With most everything packed up already I sit and play cards or tidy up a little more. Broni gets back later and we go to pick up the rental truck which is like the hugest thing I’ve ever driven and it seems ok, I turn out the first corner and head up to the lights and can’t find the brake, the taxi cab in front gettting closer, looking shinier and newer the closer we get, inching forward in a slow free fall, like slow motion replay, brief flashes of the thousand dollar excess hit my brain as I reach for the handbrake, not in the customary, by the seat position but at the dashboard, I’m reaching, Broni’s screaming, we’ve only been in the truck two minutes arggghh, pull the handbrakes, our hearts are pounding, God knows how far the bullbars were away from the shiny boot of the red and white taxi but we made it and sat in the road as the lights changed and we watched it pull away. phew!

Into the hectic traffic we go, confidence not good, we’re headed up to C_ and P_’s in Hornsby to pick up a free washing machine but time is against us, stuck in this pre-Christmas rush hour jam we decide to head east where we’re due for Scott’s 30th birthday at his parents house which has just got the coolest view down to the river and the ocean way in the distance and bushland dark and red in the sunset.

It’s still 30 degrees as we sit on the verandah with a ton of Scott and Lynette’s friends drinking up beer and champagne (mineral water for me) and it’s nine at night, insects buzzing round.

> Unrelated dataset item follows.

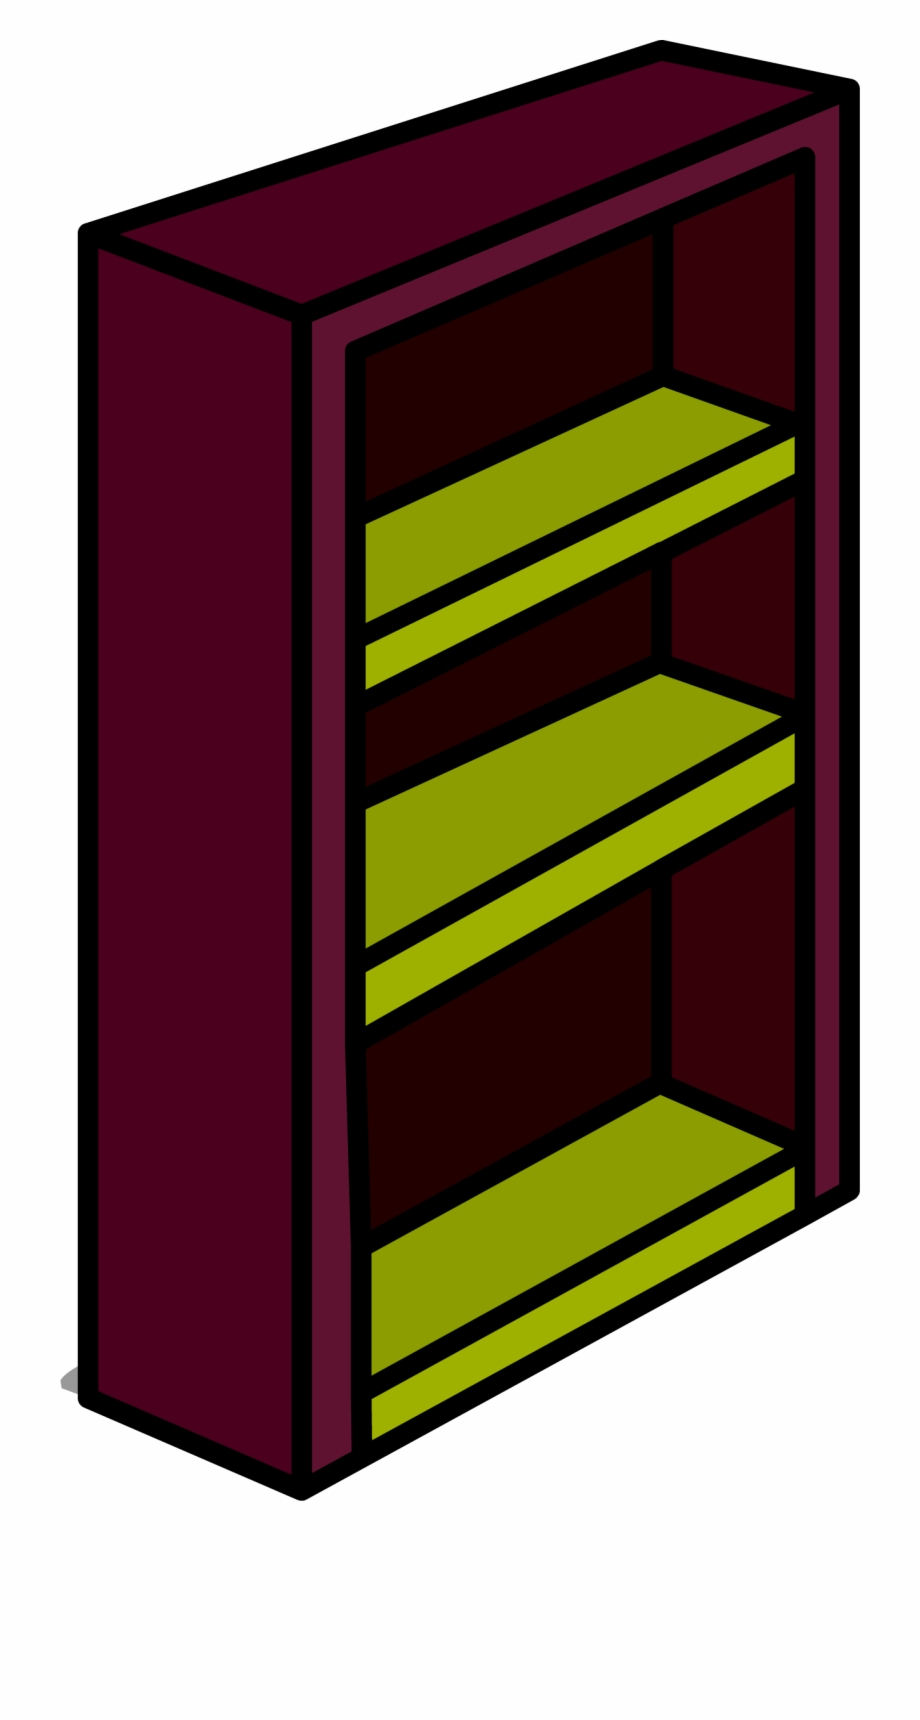 A bookcase clipart svg freeuse Bookshelf Clipart Old Bookshelf - Bookcase Free PNG Images & Clipart ... svg freeuse

There’s talk of a southerly heading up the coast which would bring relief, someone had a call from the south saying they got it at 7 or so, so it should be hitting Sydney very soon. But the air is still and hot.

Out of nowhere the breeze comes, the temperature drops five degrees in as many minutes, it’s such an amazing change it has to be experienced, within a second all the plastic cups are being whipped around the table and after a little tidy up everyone’s out on the verandah letting the wind blow over them.

We have to leave soon after this to go up to Hornsby to pick up the washing machine before everyone’s asleep, we get there about ten thirty and set the dogs off next door, eventually getting this huge machine in the back of the truck and securing it, I didn’t think it was gonna move anywhere it was so heavy but was advised to tie it down.

Anyways, we have a cuppa and leave about midnight and get to the end of the street and stop to look at the map and then the police come over and want to know if we had anything to do with the dogs barking and cop number one is ok and cop number two is a sarcastic asshole and I think twice before giving him some shit cos it’s late and I’ve got better things to be doing than fucking about with some idiot meathead cop, man this guy really lived up to his stereotype.

Anyway, tongue bitten we head off home and straight into that bed for the last time.